**Exercise prompt**: Reproduce exactly the line with "Tratament stenoza aortica – TAVI | ARES" and every line that follows it below, up to and including the last one. Do not include pictures or anything else.

**The data**:
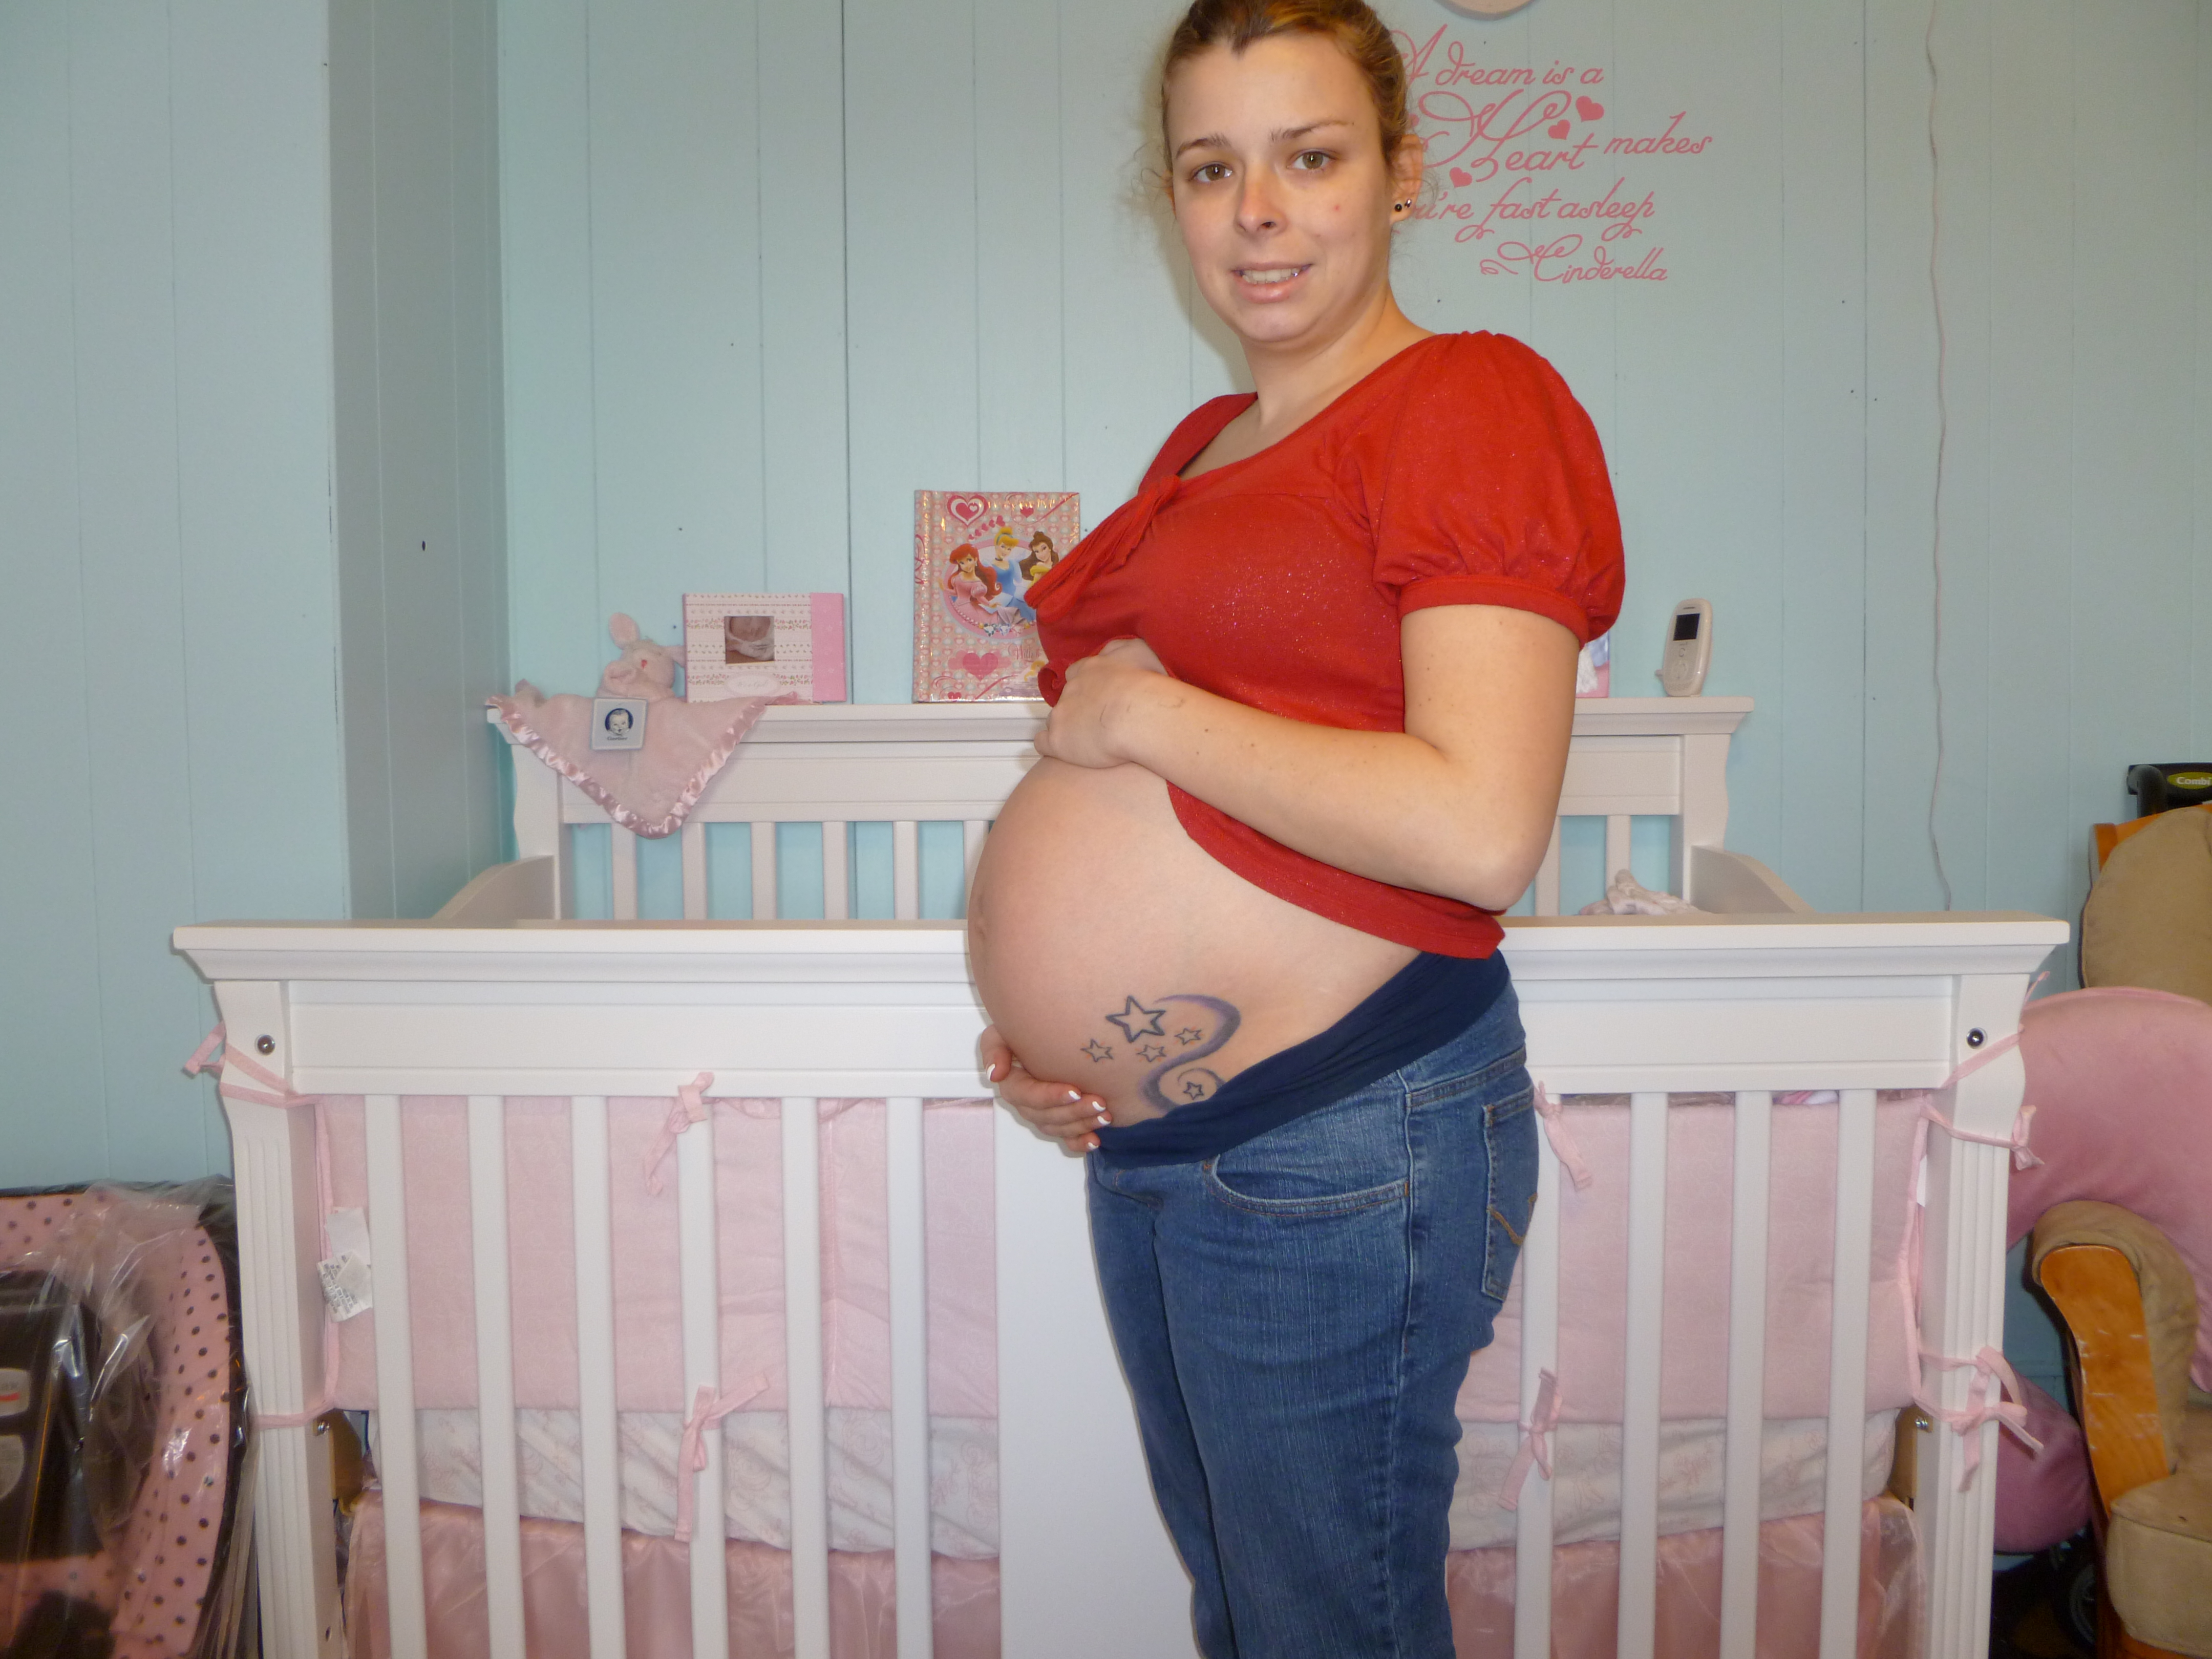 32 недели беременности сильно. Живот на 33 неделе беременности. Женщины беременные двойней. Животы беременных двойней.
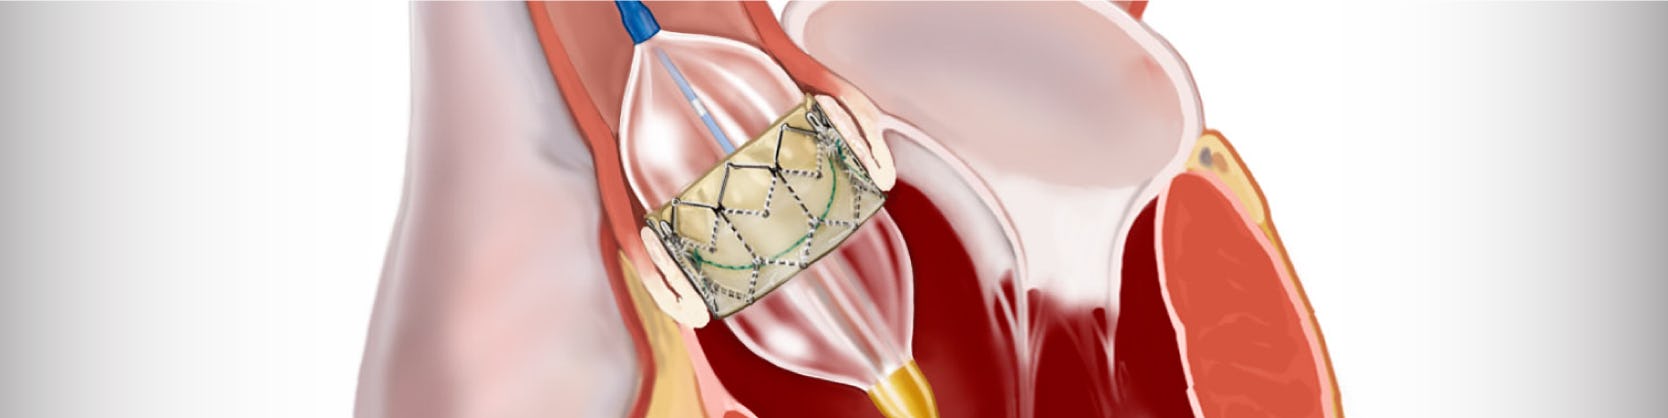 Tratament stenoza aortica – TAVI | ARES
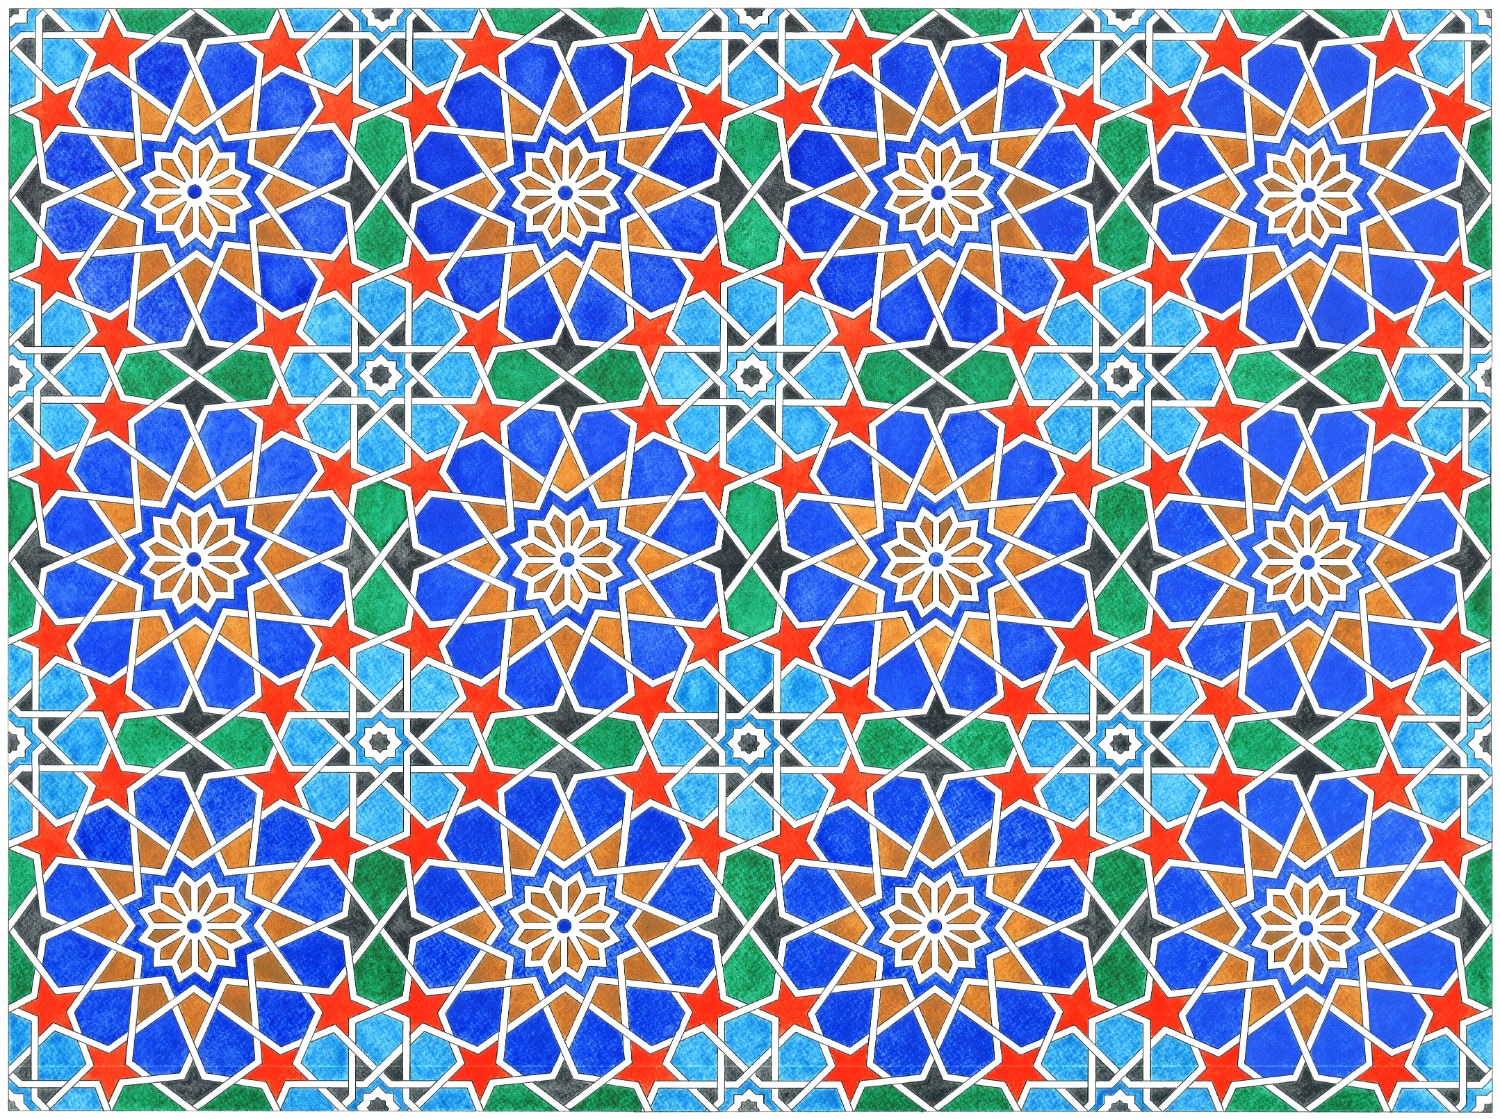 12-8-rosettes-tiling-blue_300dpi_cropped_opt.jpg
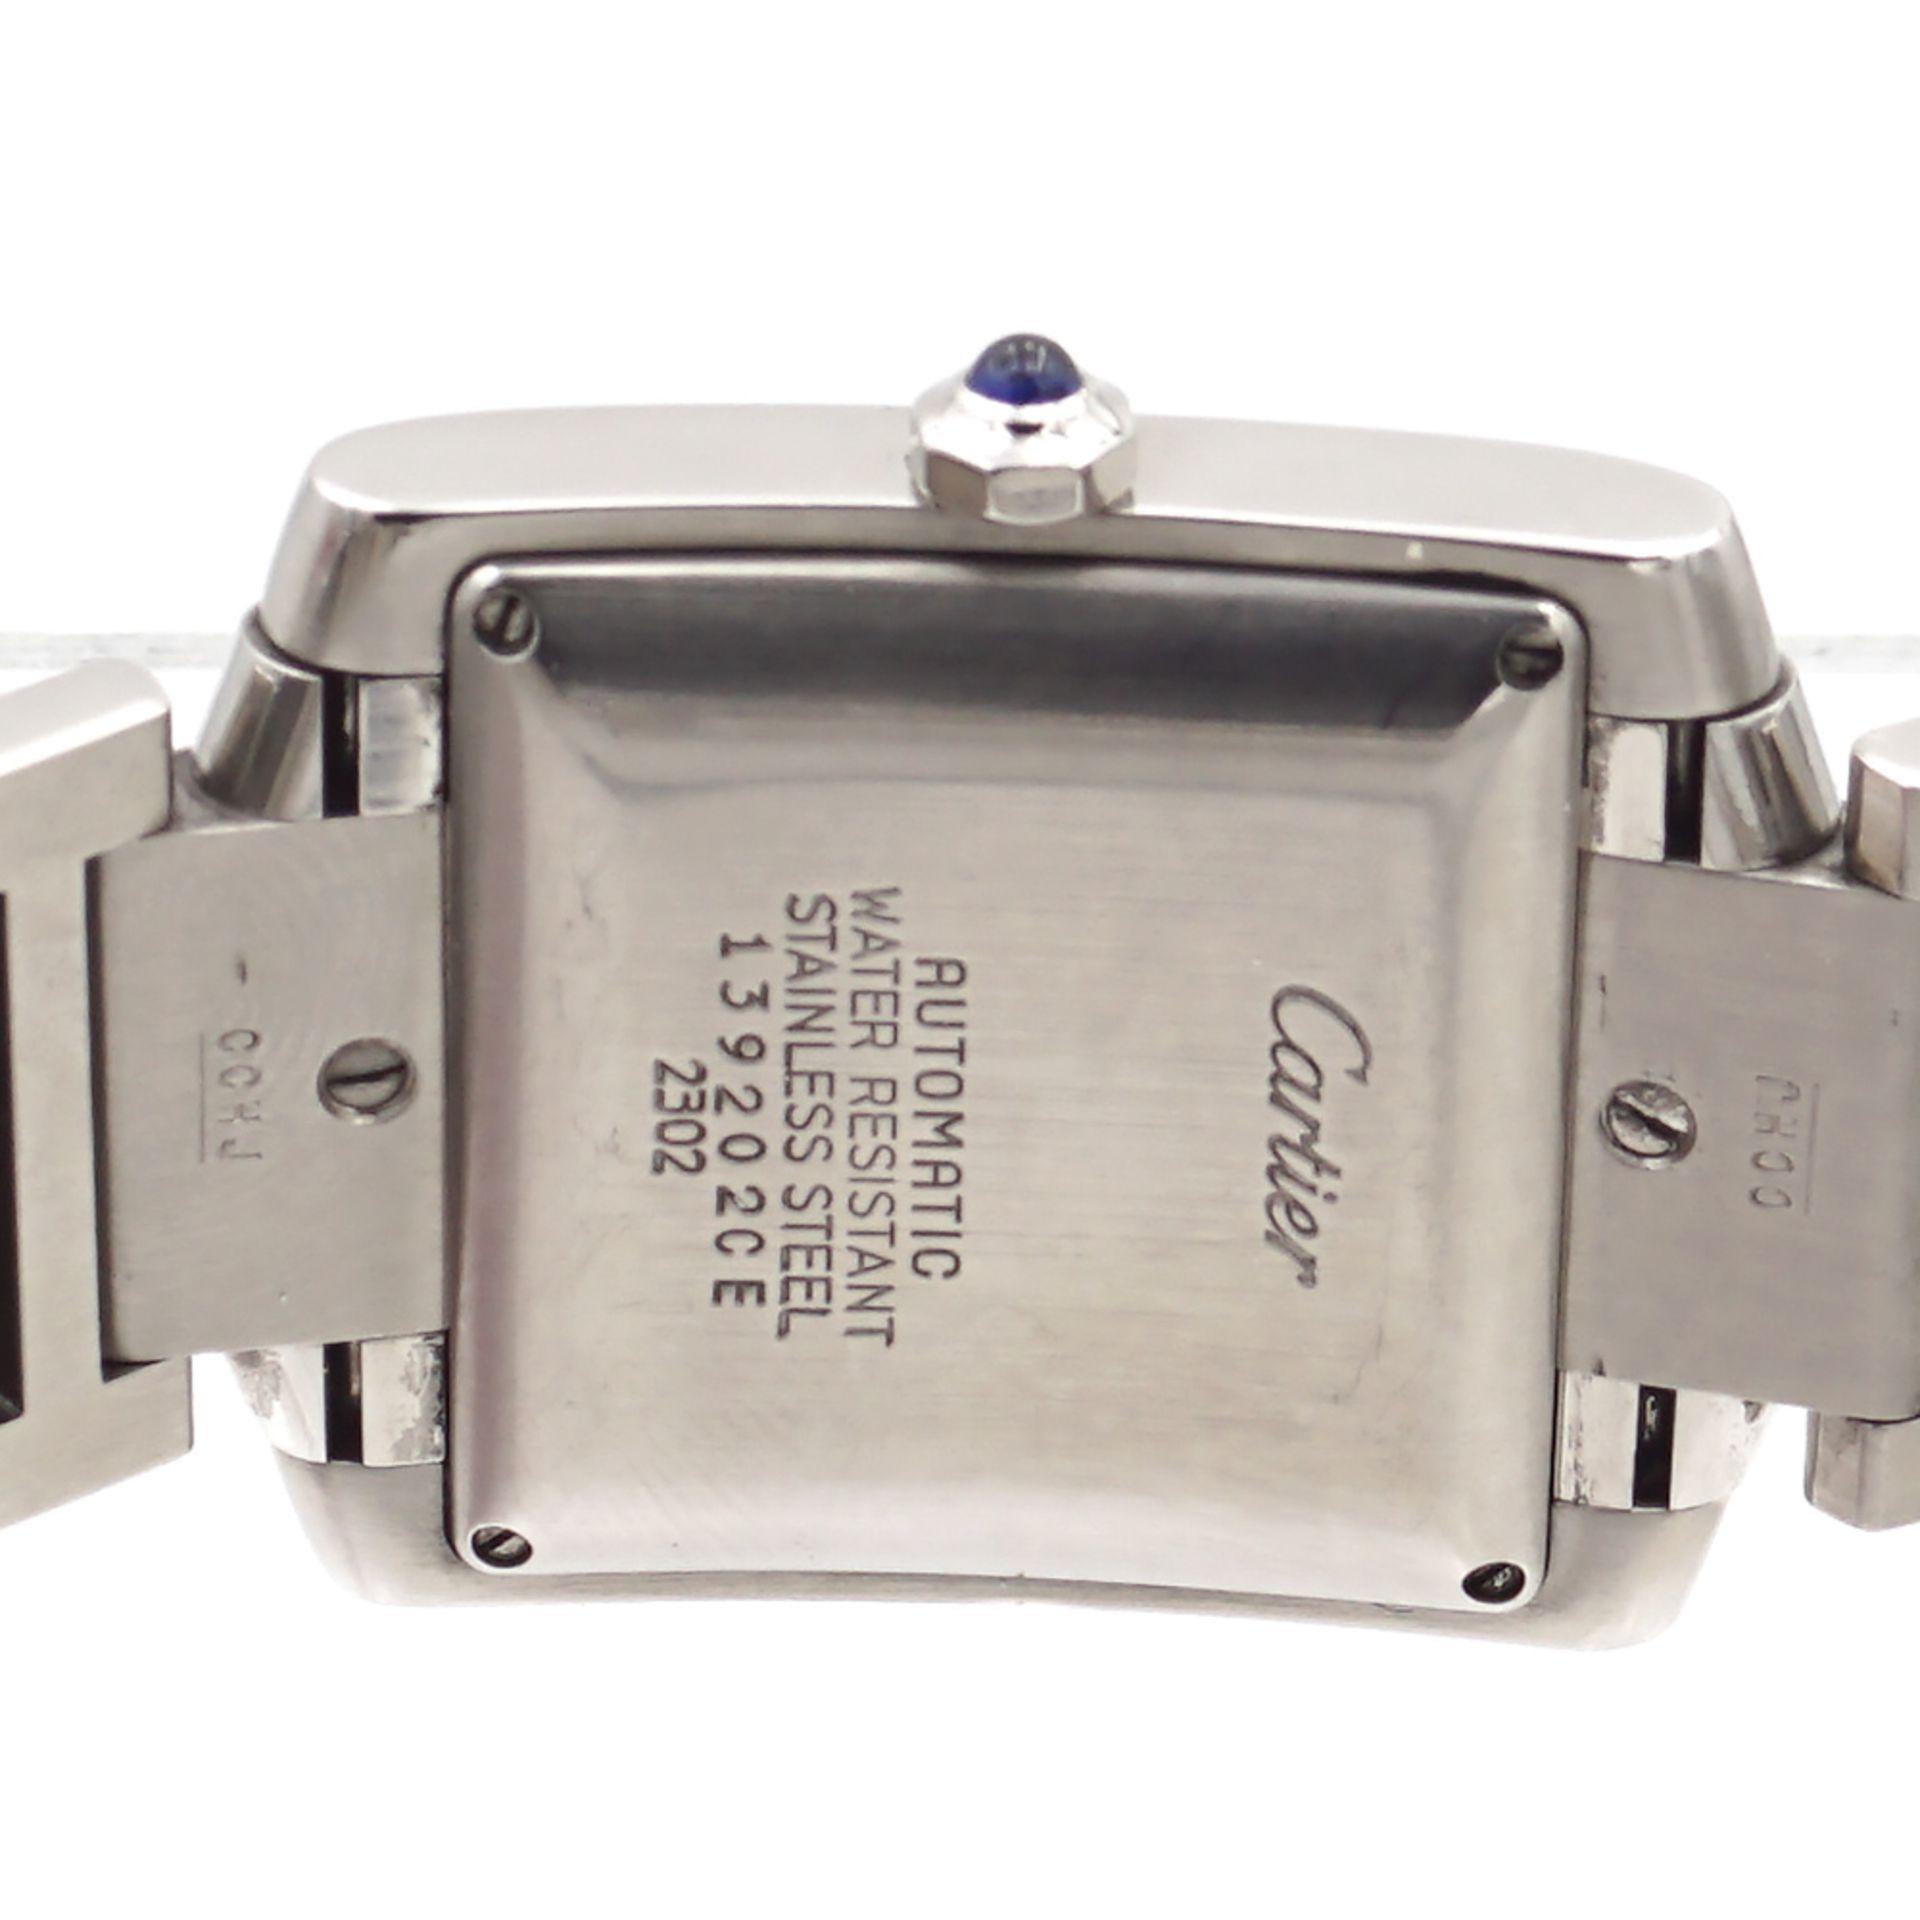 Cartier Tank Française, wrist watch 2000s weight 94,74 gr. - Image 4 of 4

**Answer for the task**:
 Tratament stenoza aortica – TAVI | ARES
 12-8-rosettes-tiling-blue_300dpi_cropped_opt.jpg
 Cartier Tank Française, wrist watch 2000s weight 94,74 gr. - Image 4 of 4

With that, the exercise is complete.